The major driving force of a multi-channel campaign is your marketing goals and objectives.

Do you want to increase overall brand awareness? Do you want to drive conversion rates for form sign-ups on your website? Whatever your goal may be, make sure you are clear about how you will go about achieving it.

Your goals should be SMART – specific, measurable, achievable, realistic, and time-bound. For example, your campaign objective can be to increase credit card sign-ups at your local bank location by 30% within one month.

Setting clear goals helps the development of your media strategy in terms of drawing in new prospects, acquiring more customers, or retargeting leads that slipped away the first time.

Who’s Your Best Audience?

There are endless reachable users available, but the key is knowing which ones are the best for your specific campaign. Understanding who to reach with your media plan starts with defining your target audience.

Before you can decide on the details of your media strategy, you must understand who your ideal consumers are and how you can best reach them.

Here are some things to consider when building the target audience for your campaign:

  • Type of campaign – Business to Business (B2B) or Business to Consumer (B2C)
  • Demographics – age, gender, income, occupation, etc.
  • Interests – intent to purchase, in-market
  • Media Habits – preferred media platforms to engage (desktop, mobile, native, etc.)

Once you have determined your ideal consumer, then you can build an accurate audience with the people who are in-market for the product or service you sell and are most likely to respond to your ads.

Typically, the Counts team will pull an audience segment based on consumers with the aligned intent to purchase, demographic, interests, etc.

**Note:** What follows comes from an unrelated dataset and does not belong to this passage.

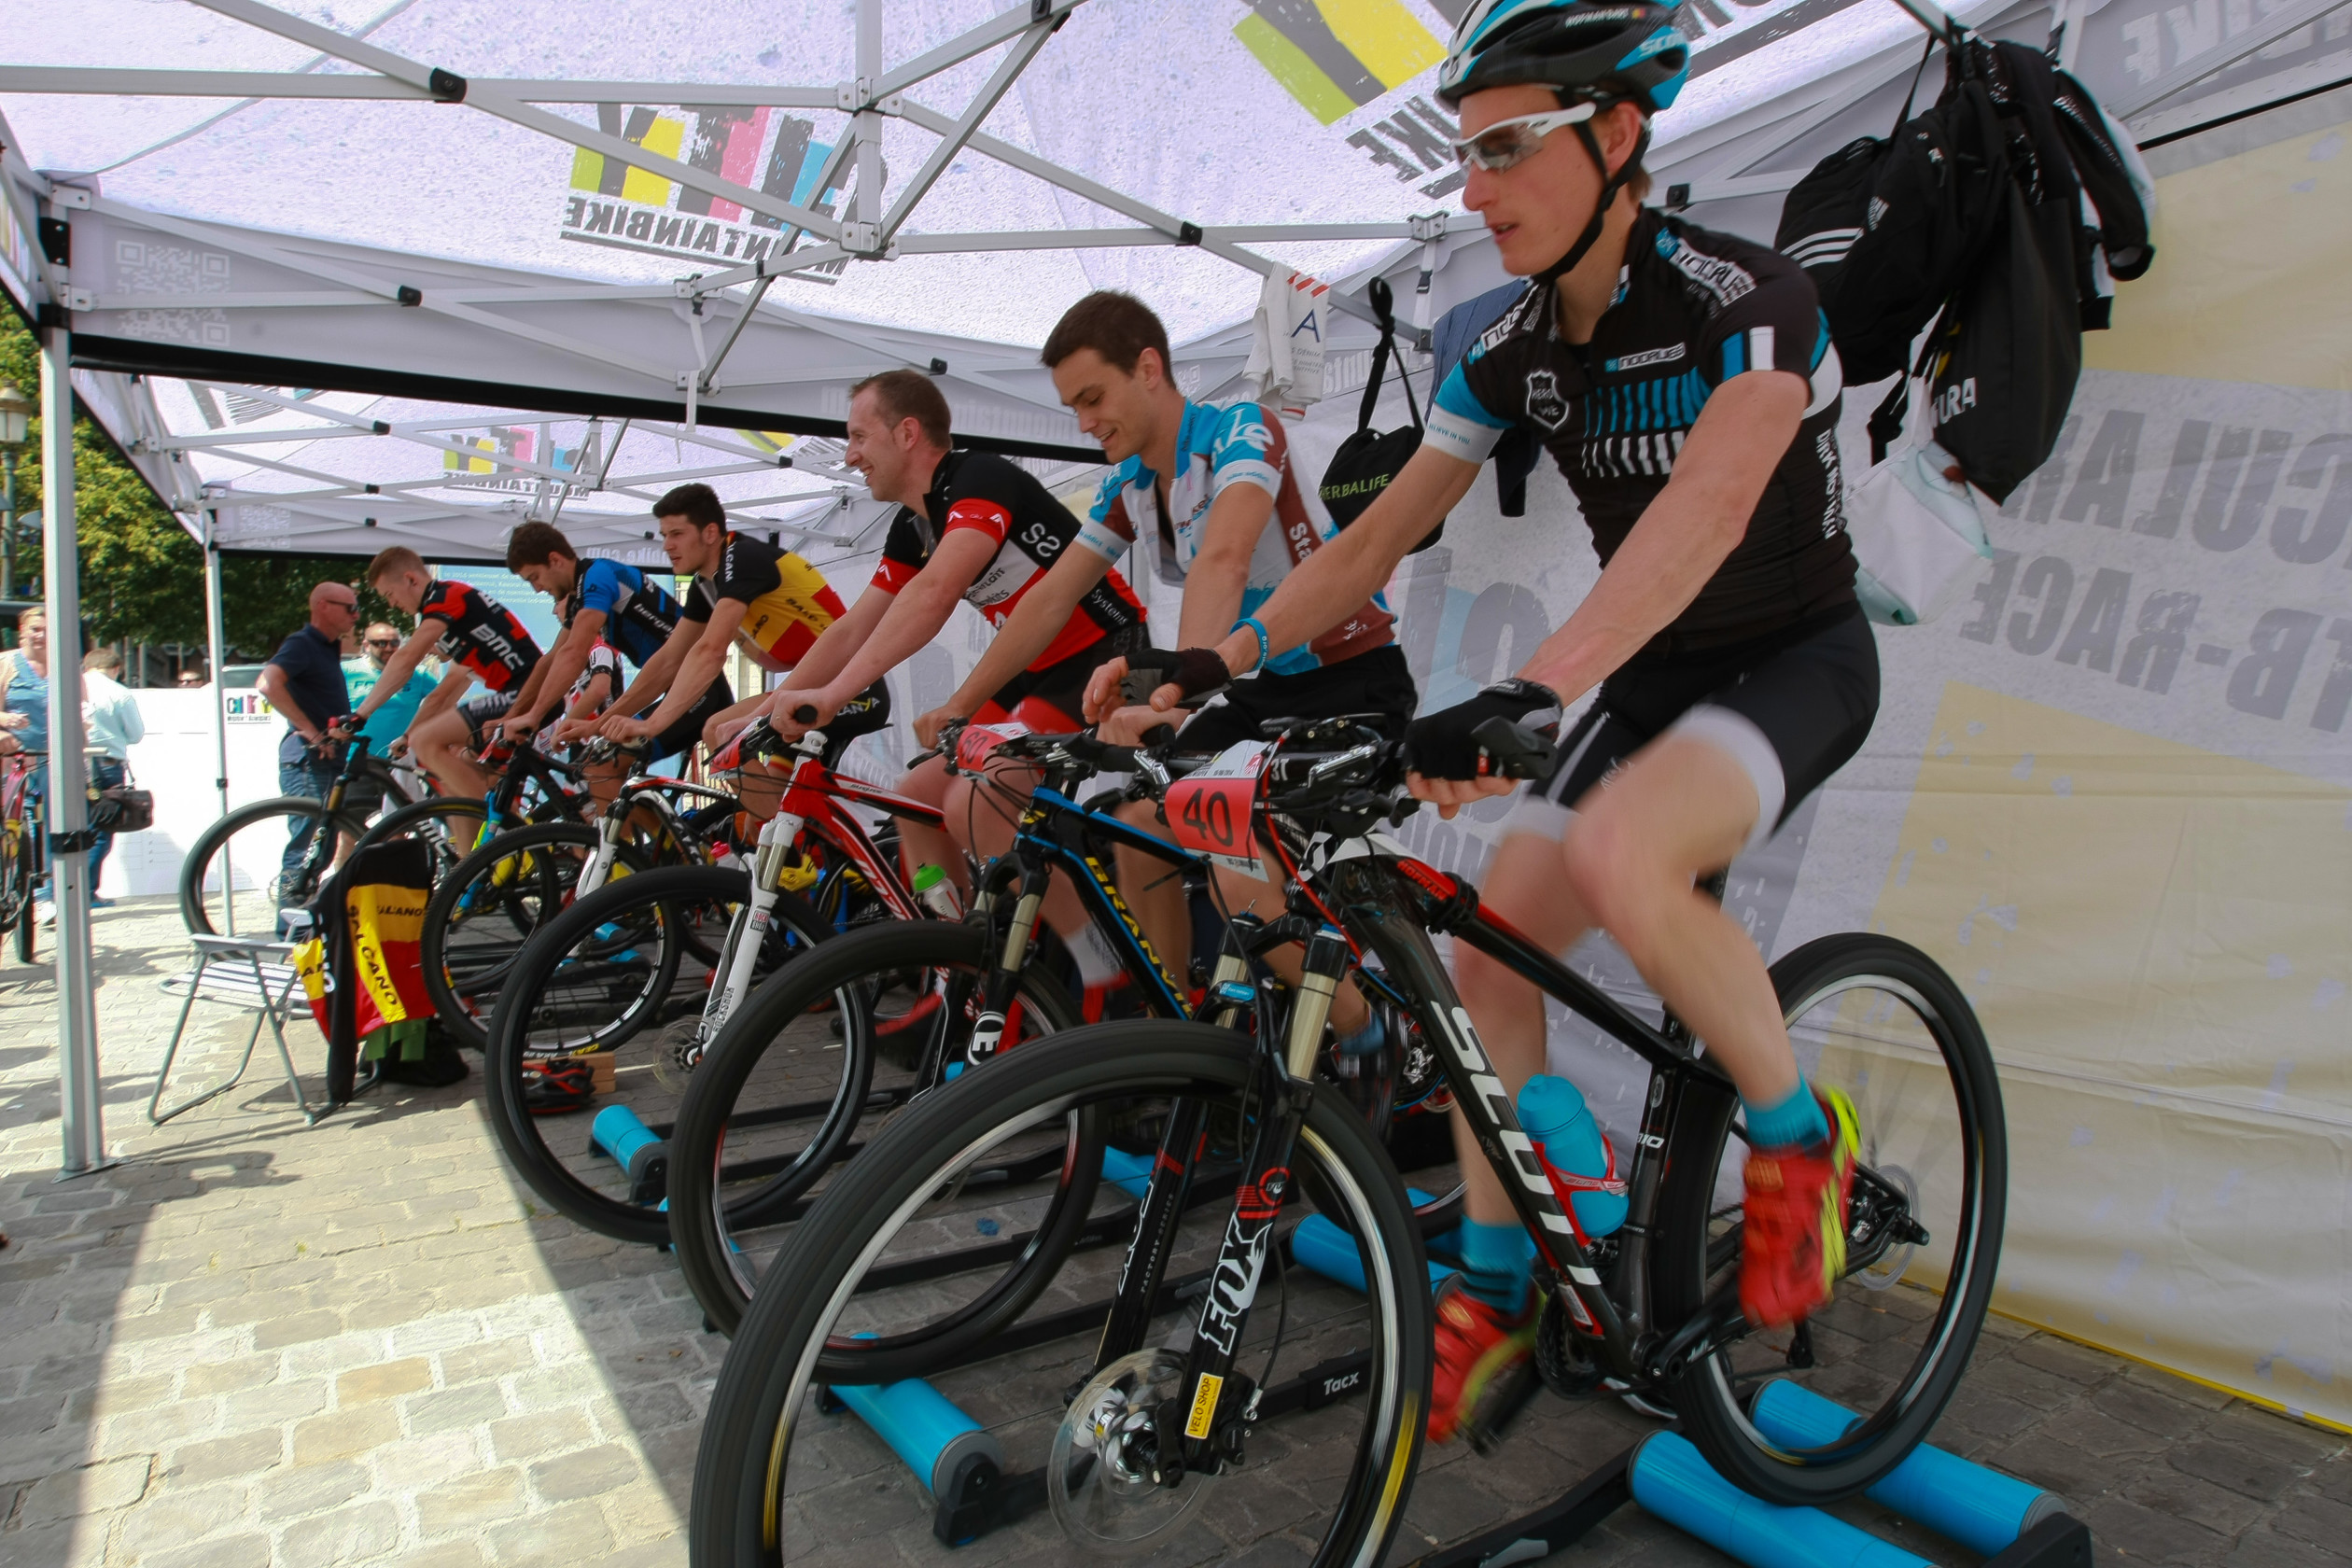 City MTB – UCI Eliminator 300 DPIAntwerpen 2014GLPE160614 8

Certain criteria can be set across media channels to either open the campaign for a broad reach or narrow the selection more specifically to fit campaign requirements – such as residence within a radius from a retail location, age group or annual income.

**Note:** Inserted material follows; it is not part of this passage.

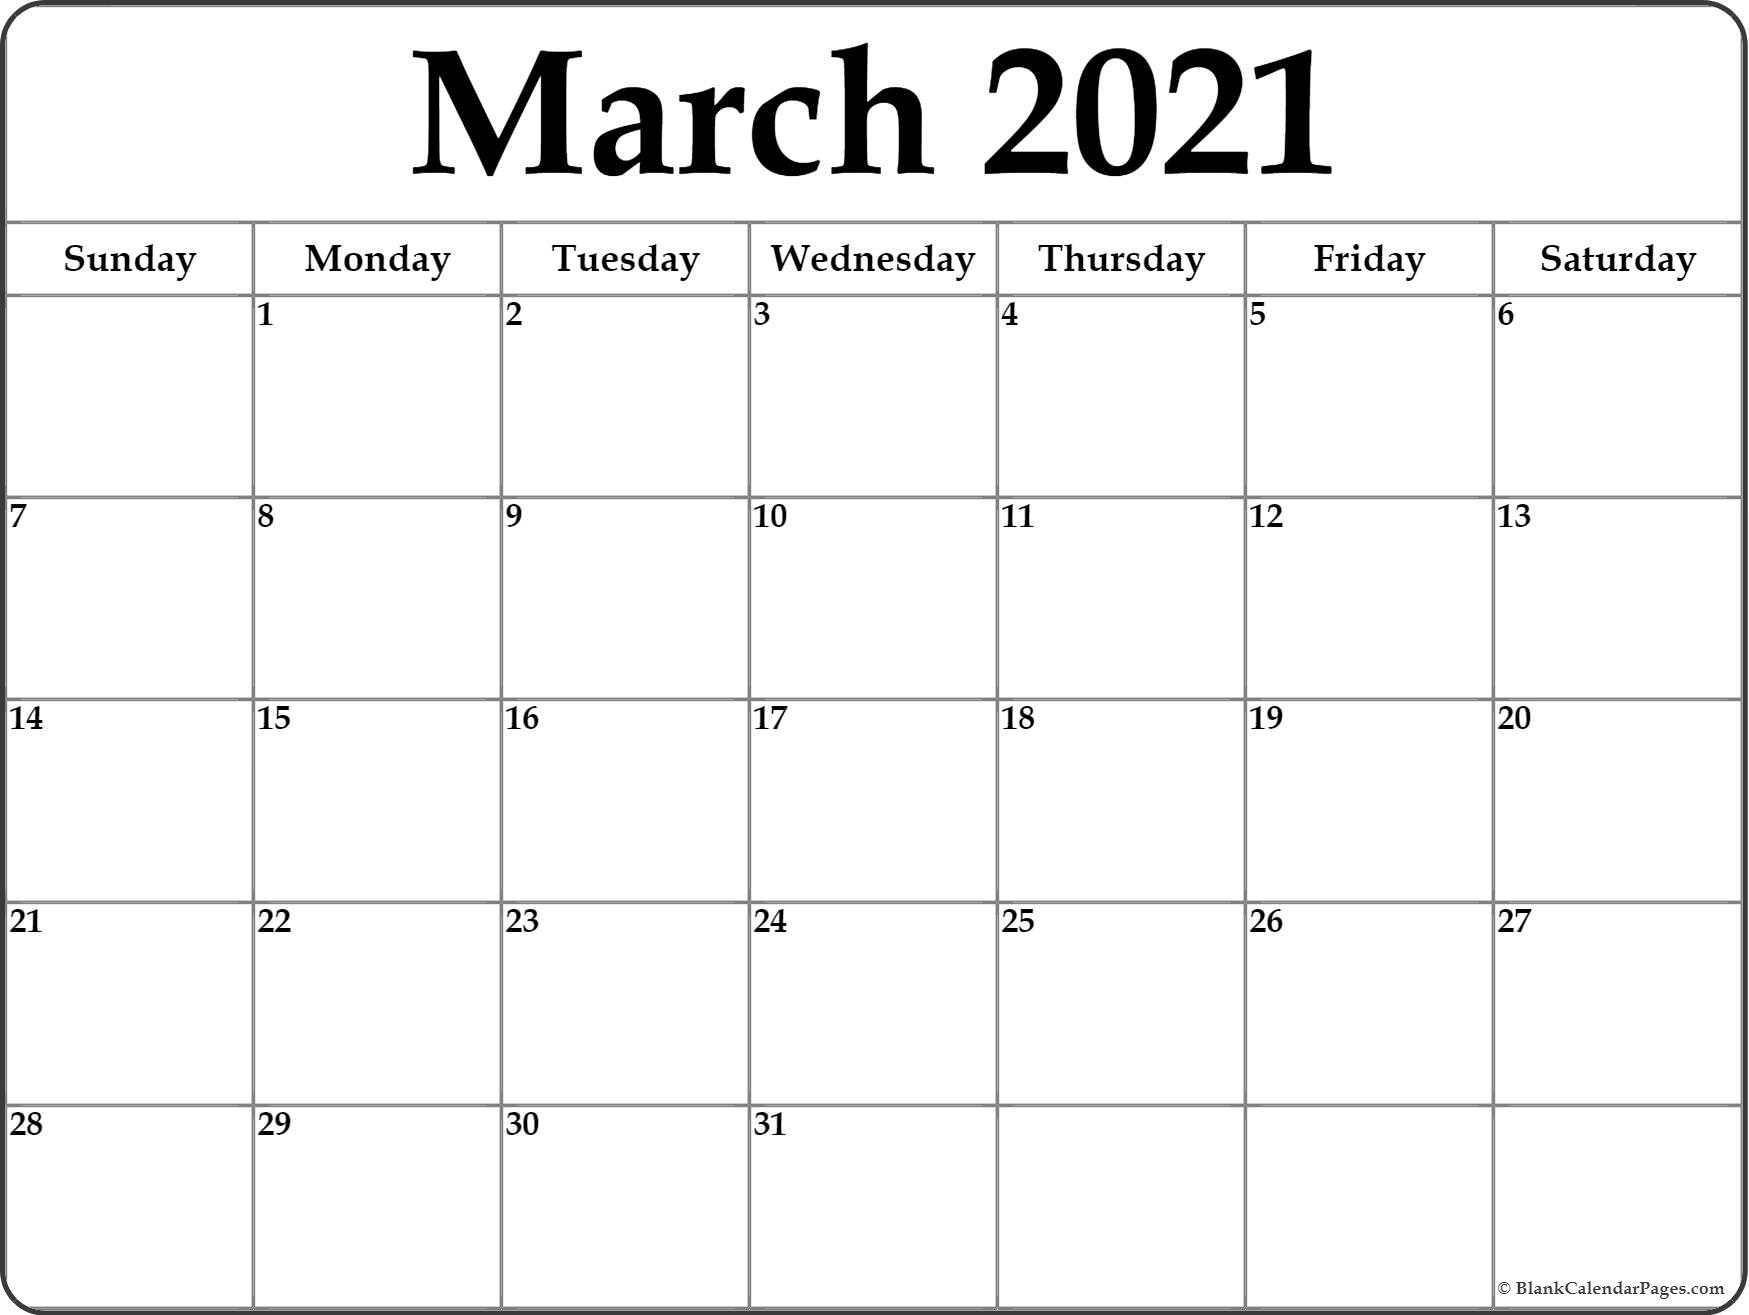 March 2021 Blank Calendar Collection. July 2021 Vertical Calendar

A select number of people who fit the criteria are compiled to serve as an ideal target audience for your media campaign.

Campaign Details

Other campaign details that must be considered are:

  • The flight (or timeline) of the campaign
  • Budget allotted to the campaign, and
  • Media channels by which you will reach your target audience.

Based on your campaign goals (i.e. brand awareness or conversions) and your budget, a media planner will help coordinate the flight and channels of the campaign accordingly.

Whether it is through desktop, mobile, tablets, social media, etc., meet your target audience where they are engaging most by analyzing their media preferences.

Build Your Media Plan

Once all of the necessary target audience is created and counts are compiled, it’s time to build your media plan.

A media plan will include details such as specific media channels best for message delivery, the number of impressions, the cost per million clicks and creative development specifications.

Creative development specifications entail the actual images and message of the banner ads that will be delivered across different platforms and ensuring that they are engaging – to boost clicks and responses.

Media planning compiles all of the marketers’ desired goals, data compiled from targeting technologies, creative development specifications for the actual ads and accessibility to certain ad exchanges to determine the best way to deliver the message to target audiences.

Your campaign will span through a specific amount of time and can be delivered across desktop, native, mobile and email.

Measure Your Success

Once the campaign is deployed, the most important part of media planning actually begins.

Your media planner will analyze and achieve measurable goals by tracking engagement, such as click-through rates in delivered emails and form sign-ups on the website. This way, marketers can understand what works best and what drove the most engagement and revenue to optimize the existing campaign and maximize the success of future campaigns.

Valuable media delivery and the analysis of real-time engagement data ensures that your marketing dollars are being invested into real results, as opposed to wasted impressions sent to ad bots and unengaged strangers.

Media planning is essential to the success of your campaign, delivering the most relevant ads to the right people on their favorite devices.